This application clones large LUSTRE filesystems by parallelizing the data copy between worker nodes.
In general it's a good idea to copy data in several passes. Migrating a large filesystem involves HPC cluster downtime, which can be minimised by copying most of the data from live filesystem and then finalising the copy during a downtime, when no changes are made by users.
One copy pass can contain either of 3 actions:
-
Copying the data. The files on source different from ones on target (including the case when those don't exist) are copied. Also involves creating folders on target.
-
Delete. Needed for the final pass, when we want to delete files on target which were deleted by users from source after the last migration happened.
-
Dirs mtime sync. After all changes to files are made on target filesystem, this pass will synchronize the target folders mtimes with ones on source to create an identical copy of the filesystem.
(source: the filesystem with users' data; target: the filesystem where data is being migrated to)
On the first run during the first-level folders creation on target filesystem the folders will be alternated between 2 MDS'es (0 and 1). THis is done to better balance the load in case we have 2 MDS. Adjust the code if needed otherwise.
#Dependencies:
- RabbitMQ server
- Python (tested with 2.7)
- Celery python package
- Memcached server
- Lustre filesystems mounted on all mover nodes
- Graphite server for statistics collection
- cloghandler python package
- put lustreapi.py from pcp project ( https://github.com/wtsi-ssg/pcp/blob/master/pcplib/lustreapi.py ) and its required liblustreapi.so module into "lustre" folder
#Configuring:
All celery task files are using rabbitmq/rabbitmq.conf and rabbitmq/rabbitmq_data_move.conf files to connect to the rabbitmq server.
The rabbitmq/rabbitmq_data_move.conf file should have the data_move user password. To set a password and create the file run rabbitmq_init.sh script on rabbitmq server. The file should be synced to all nodes which will perform the data migration. The rabbitmq/rabbitmq.conf file should contain the RabbitMQ server hostname. Same hostname will be used for memcached server.

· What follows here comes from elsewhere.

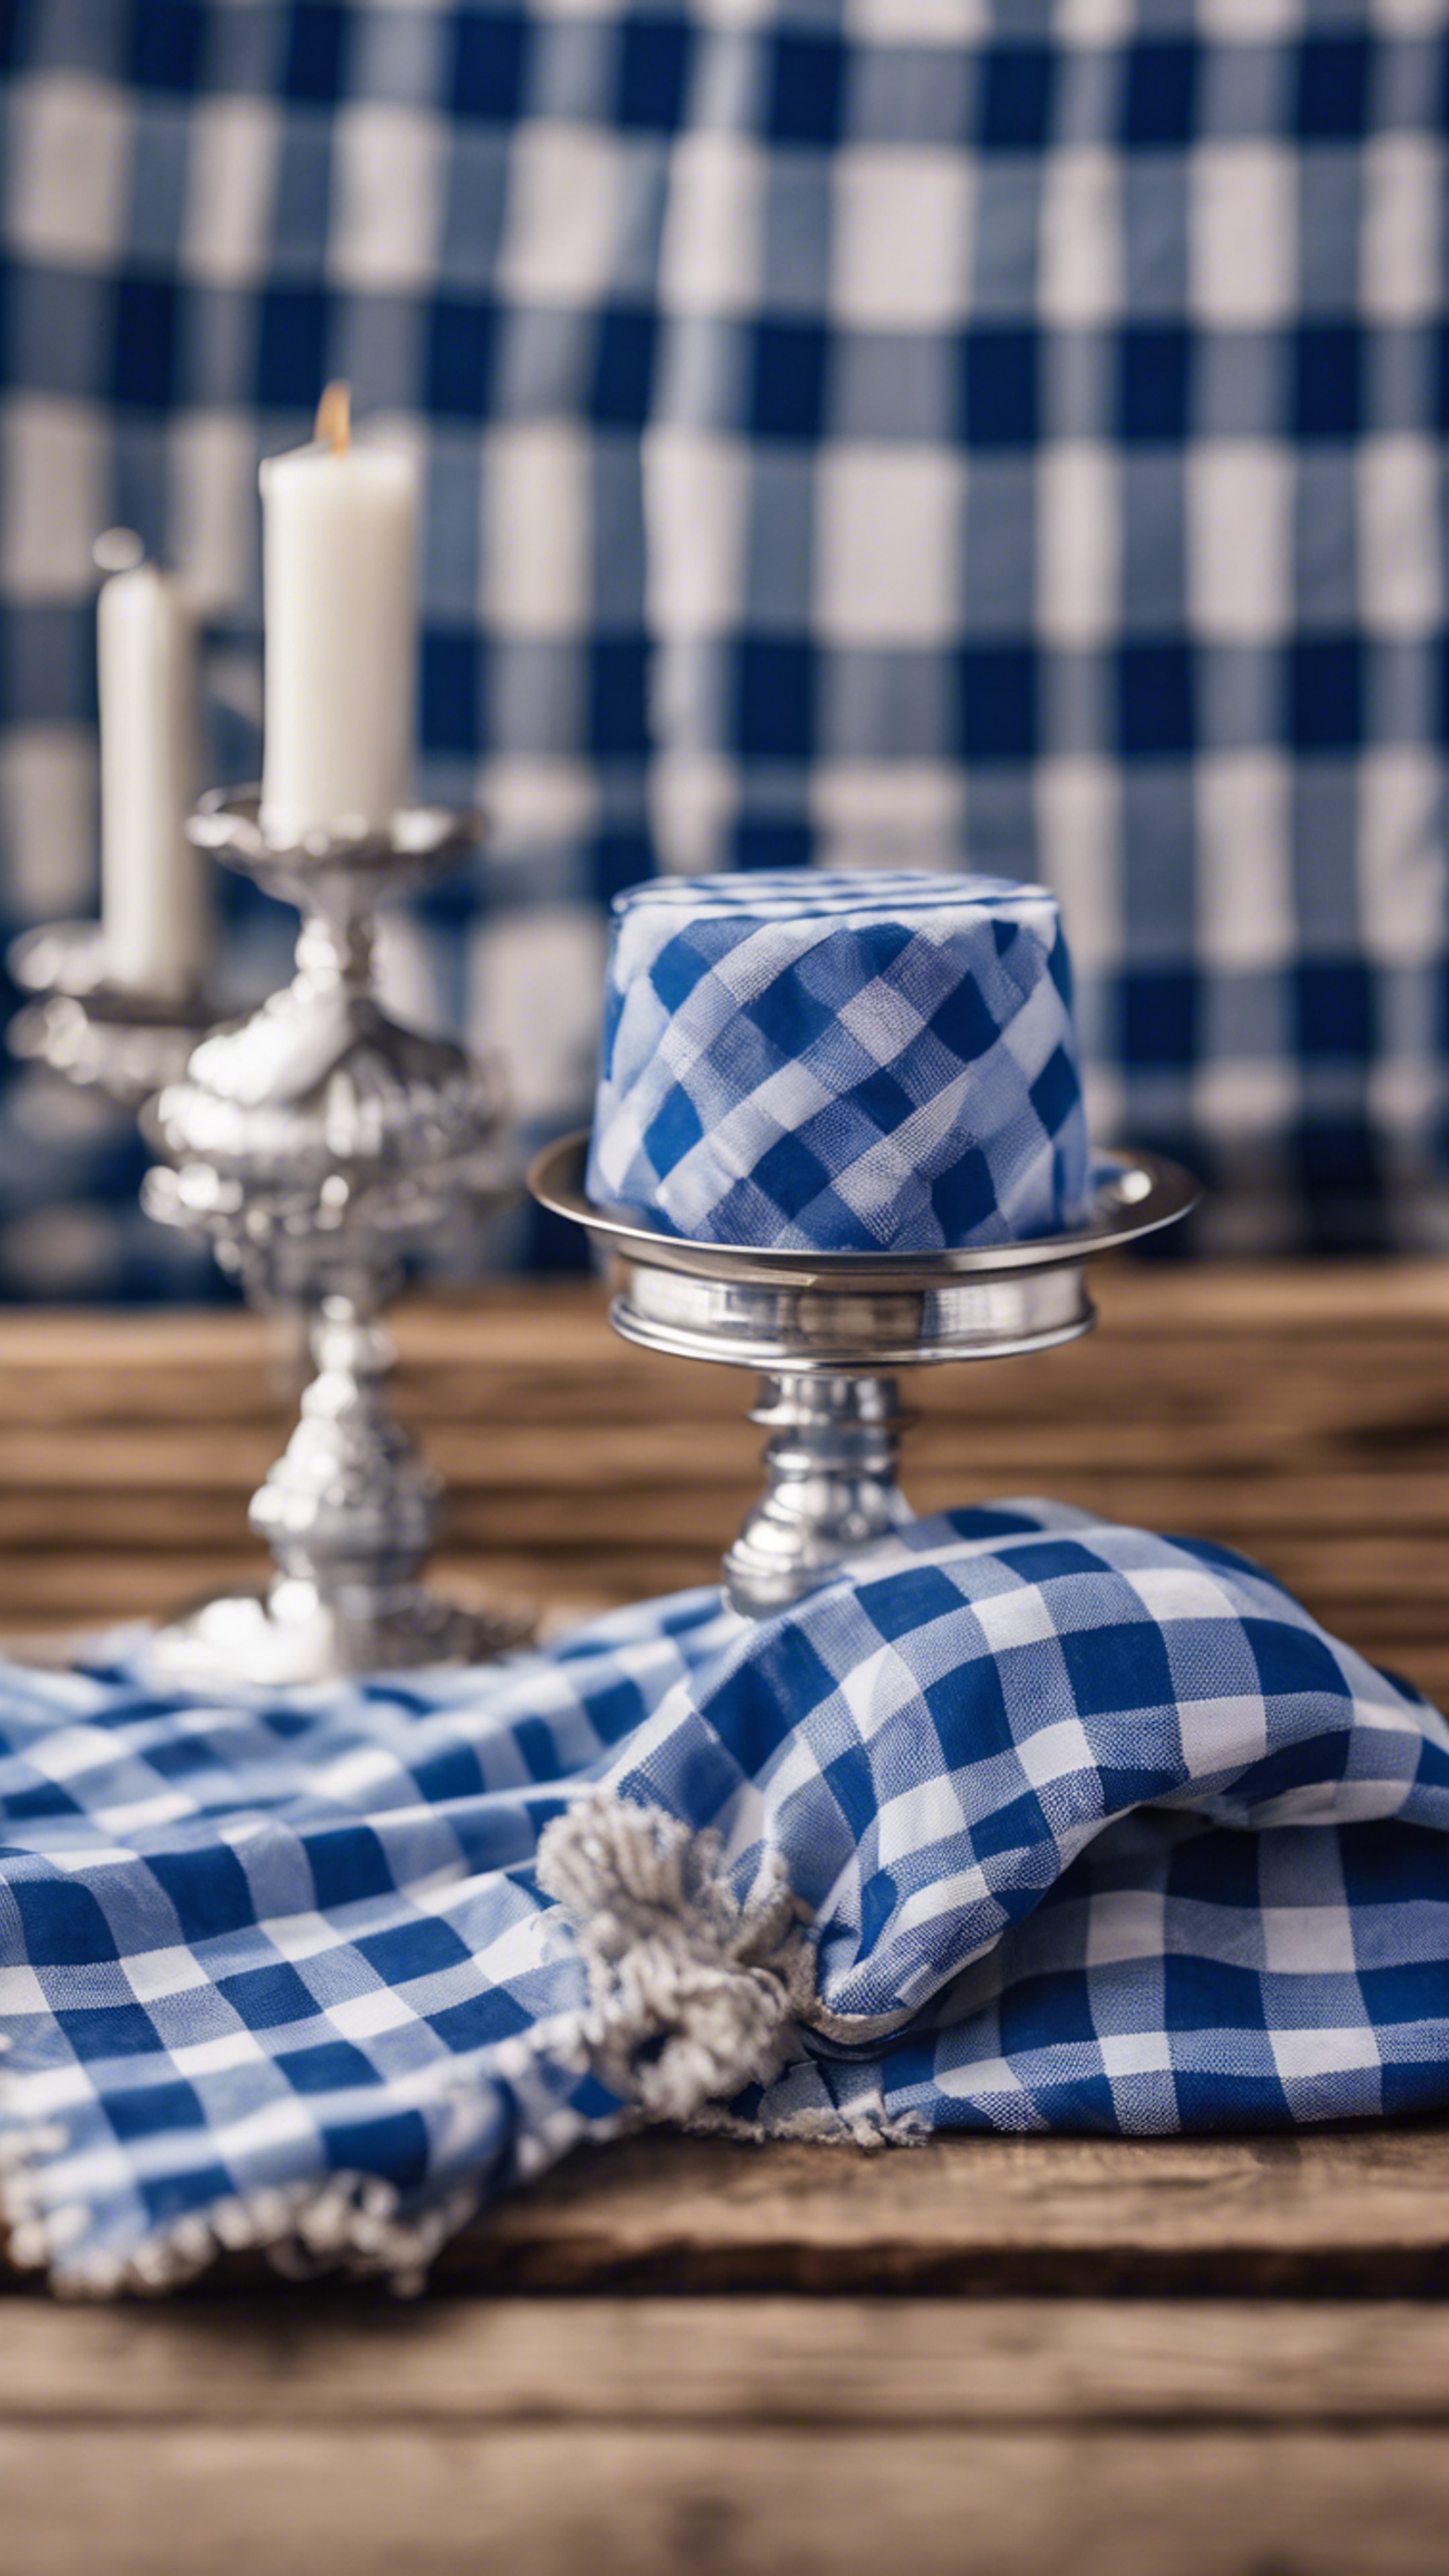 Classic blue checkered gingham fabric draped over a wooden table with a silver candelabra, evoking a preppy picnic scene. Tapet[5483729deeeb4e2a9f91]

Most data migration settings can be set in config.py file:
USERNAME = 'data_move'
used as rabbitmq virtual hostname and rabbitmq username. The passord for the user should be in rabbitmq/rabbitmq_.conf file
OLDEST_DATE = 90 * 24 * 60 * 60
filter files by atime. Files older than OLDEST_DATE won't be copied. To disable set to 0.
NEWEST_DATE = 0 #24 * 60 * 60
filter files by mtime. Files newer than NEWEST_DATE won't be copied. To disable set to 0. Useful for initial pass: the files with recent mtime are likely to be changed by a user during the migration. Should be set to 0 for the final pass.
STATS_ENABLED = True
Enable statistics to memcached
REPORT_INTERVAL = 30 # seconds
Minimal time interval between stats reports
source_mount = "/mnt/source"
Source filesystem mount point
target_mount = "/mnt/target"
Target filesystem mount point
#Running:
To start regular file copy celery workers on a node, run run.sh script. The run_del.sh script will run delete workers, and run_dirtime.sh runs directories mtime fix workers. To run the same scripts in debug mode, use "try_f" (files worker) and "try_d" (dirs worker) parameters for run.sh and run_del.sh scripts. Those will run in foreground and display all debugging information.
By default scripts run 16 file and 16 dir celery workers, which connect to RabbitMQ server and wait for a job to perform.
Once all workers have been started, an initial message should be added to the queue containing the root location of source filesystem. To start files copy run:
python cmover_control.py start
To start files delete pass:
python cmover_control_del.py start
To start folders mtime fix pass:
python cmover_control_dirtime.py start
To stop operation and shutdown all the workers, run:
python cmover_control.py stop
This will stop all the workers in virtual host. To send the command to a specific node, modify the cmover_control<_*>.py file and add destination parameter, f.e.:
app.control.broadcast('shutdown', destination=["celery@file_node02", "celery@dir_node02"])
The workers pool on all nodes can be extended by n workers with command:
celery control -A cmover_control pool_grow n
or on a single node:
celery control -A cmover_control -d "celery@file_<hostname>" pool_grow n
To get the list of current tasks for all nodes:
celery inspect active -A cmover_control
#Monitoring:
The statistics of data moving process can be collected by a graphite server. The send_graphite.py script collects known fields from memcached service and sends these to graphite. The script can be run periodically with a crontab task at the frequency defined in graphite for the collection.